Note that I’m using the mean absolute error as my loss criterion, rather than mean squared error. This is because the daily deaths data is very noisy, and MAE converged to a better result for me than MSE.

Here’s the result I get:

Model daily deaths

The line in green is the model’s predictions—looks about right! We can also look at the cumulative number of deaths and compare against what was observed, as a second sanity check:

Model total deaths

Looks close enough to me, maybe a slight over-estimate for more recent data.

So, how many people are infected???

To get out the number of infected from our death model requires two ingredients: the IFR, and a guess at median time to removal ($\gamma$). Given these parameters, our model is pretty simple: $I(t)$ = $f(t)/(\gamma \cdot IFR)$.

Here are a few different possibilities for IFR (using $\gamma = 1/18$):

Infection estimate 1

And here’s the impact of varying the recovery time:

Infection estimate 2

Observe that small changes in IFR can have a big swing in the numbers of infections—this isn’t surprising, because a disease that only kills 1 in 1000 people who catch it (for example) would have to have infected 4.6 million people in Cook County to match the number of recorded deaths! (For comparison, there are only a little more than 5 million people total in Cook County, so this scenario seems unlikely.)

Once we have estimates for $I$ and $R$, it is straightforward to figure out $S$ as well, and produce population curves.

Here are a few, for different choices of IFR:

Pop estimate 1

Pop estimate 2

Pop estimate 3

Conclusions

I’ll repeat the disclaimer that all of the above is highly speculative.
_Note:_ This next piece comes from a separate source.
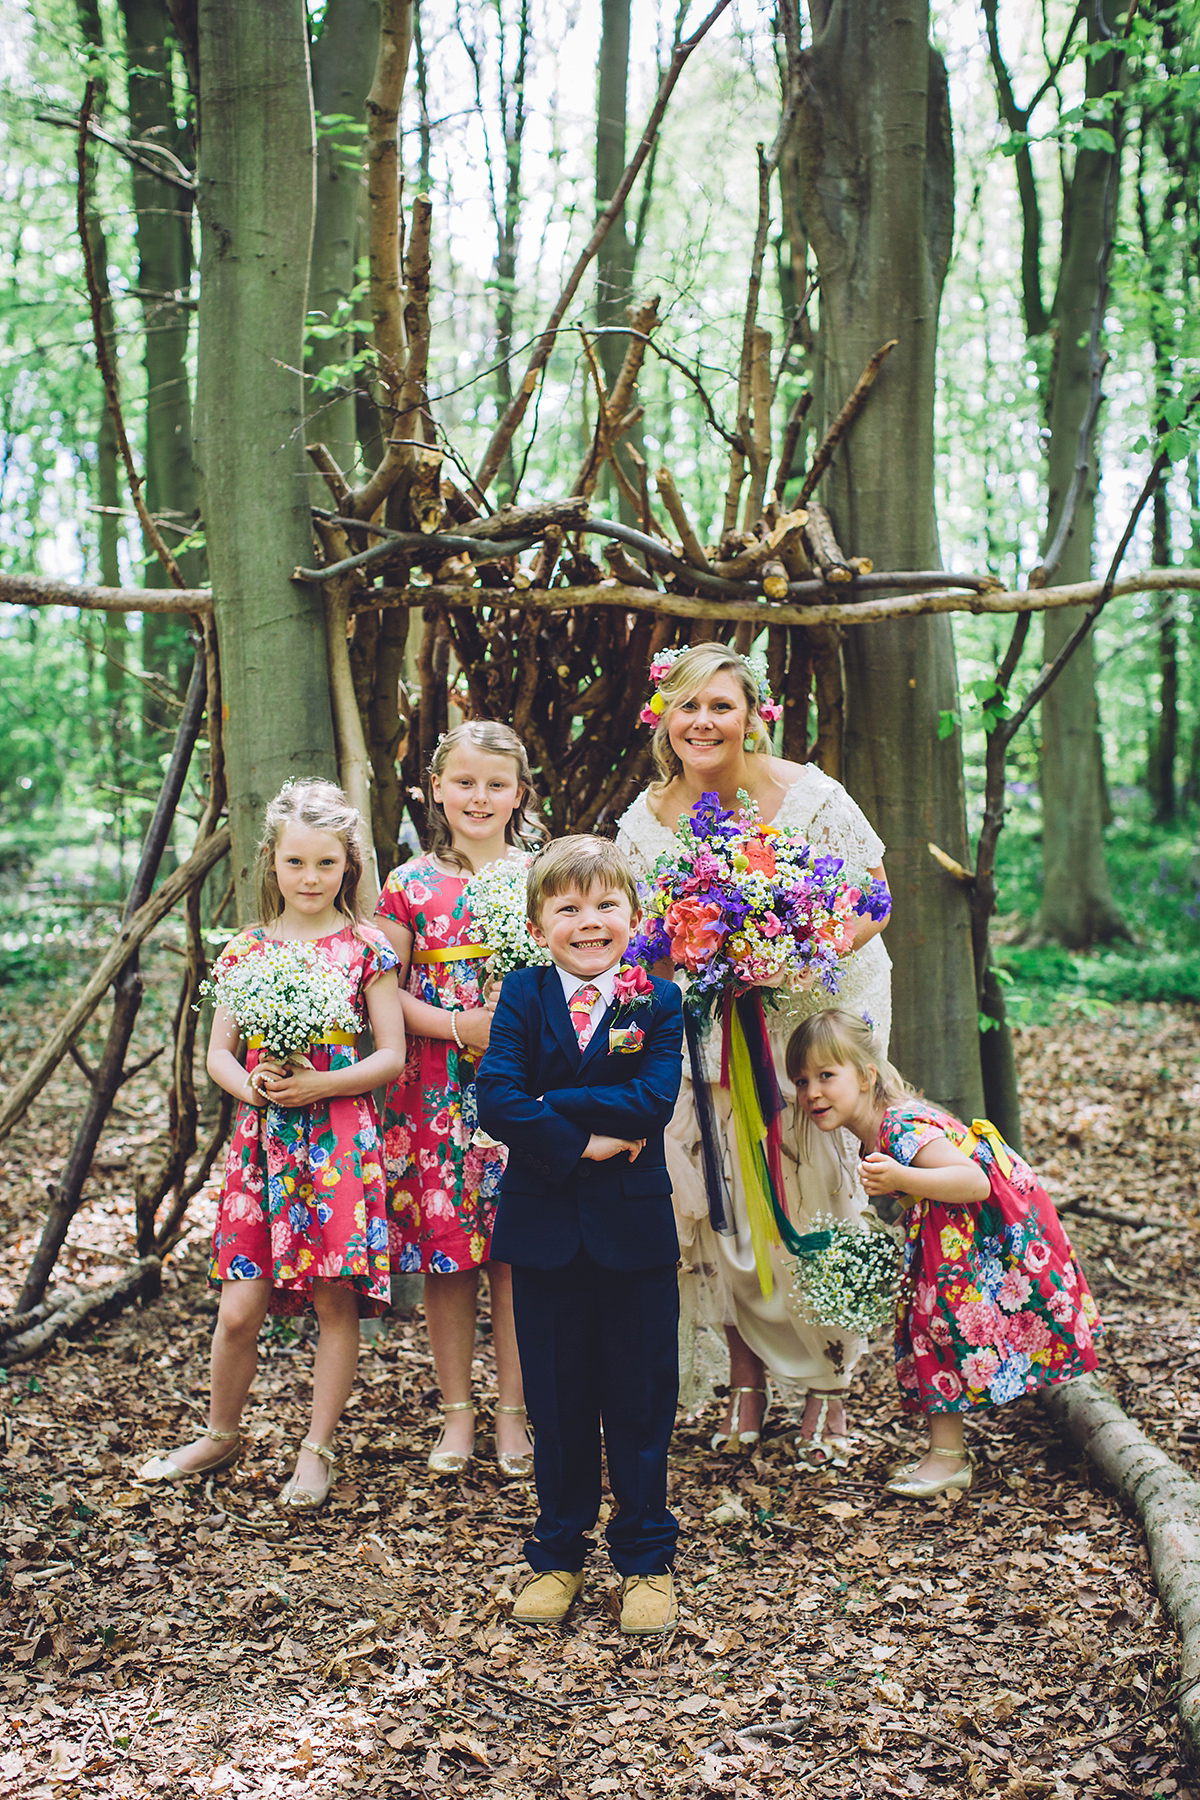 A bridal boutique owner's colourful, whimsical, bluebell filled woodland wedding. Photography by Olegs Samsonovs.

That said, if you believe this model, I’ll make a few observations:

  • For any IFR > 0.2% and any duration < 30 days, this model estimates the number of people currently sick with COVID-19 in Cook County to be less than 2% of the population.
  • Even in an optimistic but plausible scenarios for IFR (0.5%), about 80% of the population is still susceptible to the virus.

Returning to our original questions of “how likely am I to catch COVID-19” and “where are we with the outbreak?”, here’s the conclusions I’d draw from this exercise:

  1. Probably 98% of the people you encounter on the street do not have COVID-19, so your chances of catching it in any given encounter are small. However…
  2. At least 80% of the population has not caught and developed immunity to the virus.
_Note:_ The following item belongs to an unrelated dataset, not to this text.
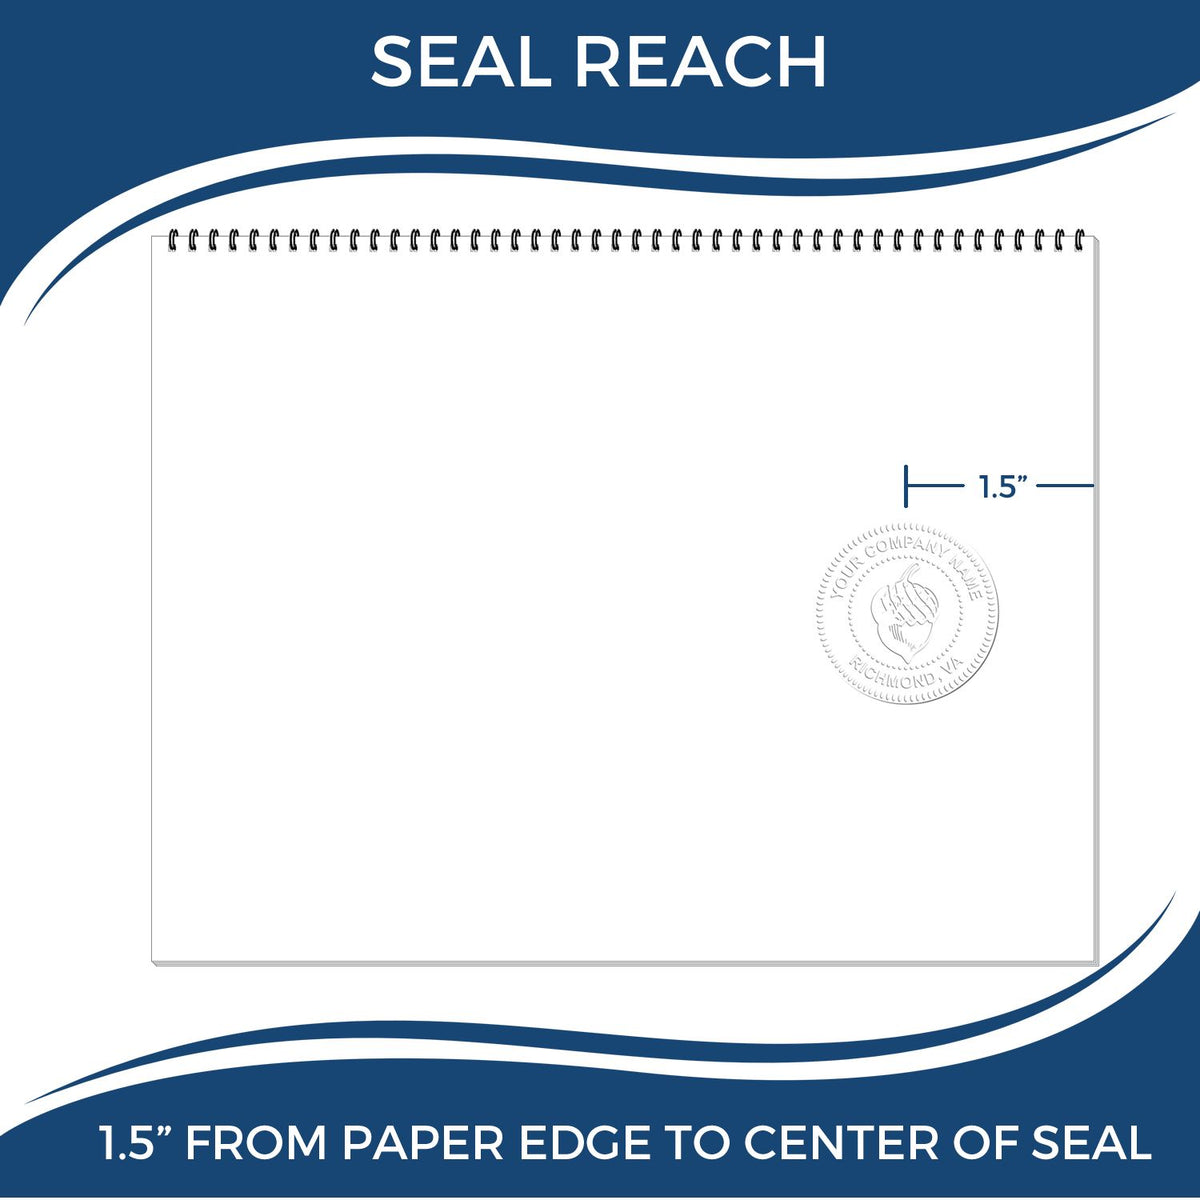 An infographic showing the seal reach which is represented by a ruler and a miniature seal image of the Hybrid Tennessee Architect Seal

Consequently, while we are not in all that much danger here in Cook County, our safety is fragile: we are still quite vulnerable to another outbreak. Assuming that survival of an infection confers immunity for some meaningful amount of time, the outbreak will die out on its own if $R_{t} < 1$. $R_{t} = R_{0} S/N $. If $R_{0} \approx 2.4$, then we need $S/N \leq 0.42$, that is, at least 58% of the population needs to catch the virus—and we’re a long ways away from that!

If you’re interested in learning more about this subject, SIR models are surprisingly easy to get into, and generalize naturally to more sophisticated state-based approaches. Also, if you know another good way to model $I$ from publicly available data, or have a technique for estimating the IFR from observeable data, I’d love to hear about it!